Exposing container-title metadata for Manubot HTML pages

dhimmel commented 5 years ago

Currently, citing a Manubot URL returns JSON CSL like

[
  {
    "type": "webpage",
    "title": "Manubot Rootstock: Manuscript Title",
    "URL": "https://greenelab.github.io/manubot-rootstock/v/658bcd763deae50732867a471d38760a90b13641/",
    "shortTitle": "Manubot Rootstock",
    "language": "en-US",
    "author": [
      {
        "family": "Doe",
        "given": "John"
      },
      {
        "family": "Roe",
        "given": "Jane"
      }
    ],
    "issued": {
      "date-parts": [
        [
          "2019",
          2,
          1
        ]
      ]
    },
    "accessed": {
      "date-parts": [
        [
          "2019",
          2,
          6
        ]
      ]
    },
    "id": "s7XRFgWm"
  }
]

Command to create:

manubot cite url:https://greenelab.github.io/manubot-rootstock/v/658bcd763deae50732867a471d38760a90b13641/

With the current manubot cite command, this metadata is retrieved from Zotero's translation-server. Pandoc encodes most of the information picked up by translation-server. One field that does not get set in the CSL JSON is container-title. For example, we could set container-title to equal "Manubot Preprint" by setting a <meta> field in the HTML head.

We'd probably want to use Pandoc's --include-in-header to insert these <meta> statements. Are there other fields besides CSL JSON's container-title we want to set?

slochower commented 5 years ago

For example, we could set container-title to equal "Manubot Preprint" by setting a <meta> field in the HTML head.
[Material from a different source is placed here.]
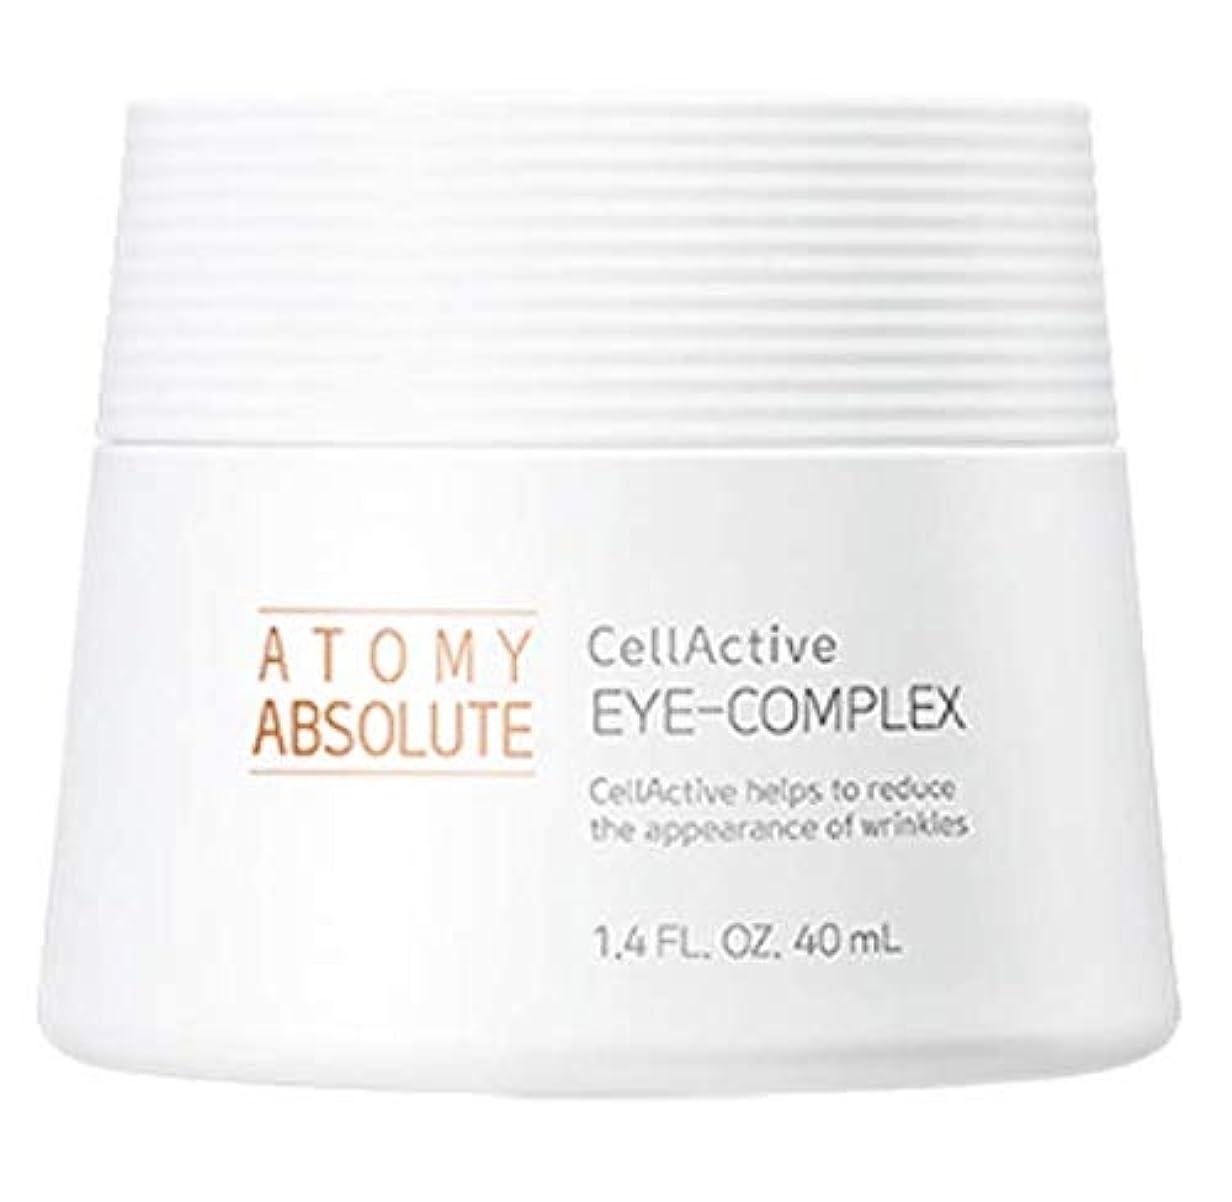 マウスピース高揚した見出しアトミエイソルート セレクティブ アイクリームAtomy Celective Absolute Eye-Complex 40ml [並行輸入品]

What is the purpose of having "Manubot Preprint" as the container?

agitter commented 5 years ago

@slochower one purpose would be for Manubot manuscripts citing other Manubot manuscripts. For example, in this manuscript the reference looks like:

"Manubot Preprint" may signal to a reader this is an HTML manuscript as opposed to a different type of web citation.

@dhimmel I support adding the container-title. I can't think of any other appropriate fields. Volume, issue, page numbers, etc. don't apply.

The issue title implies this would only affect the HTML version of the manuscript, right?

slochower commented 5 years ago

What other things go into container title? For example, does “bioRxiv preprint” ever appear in container title?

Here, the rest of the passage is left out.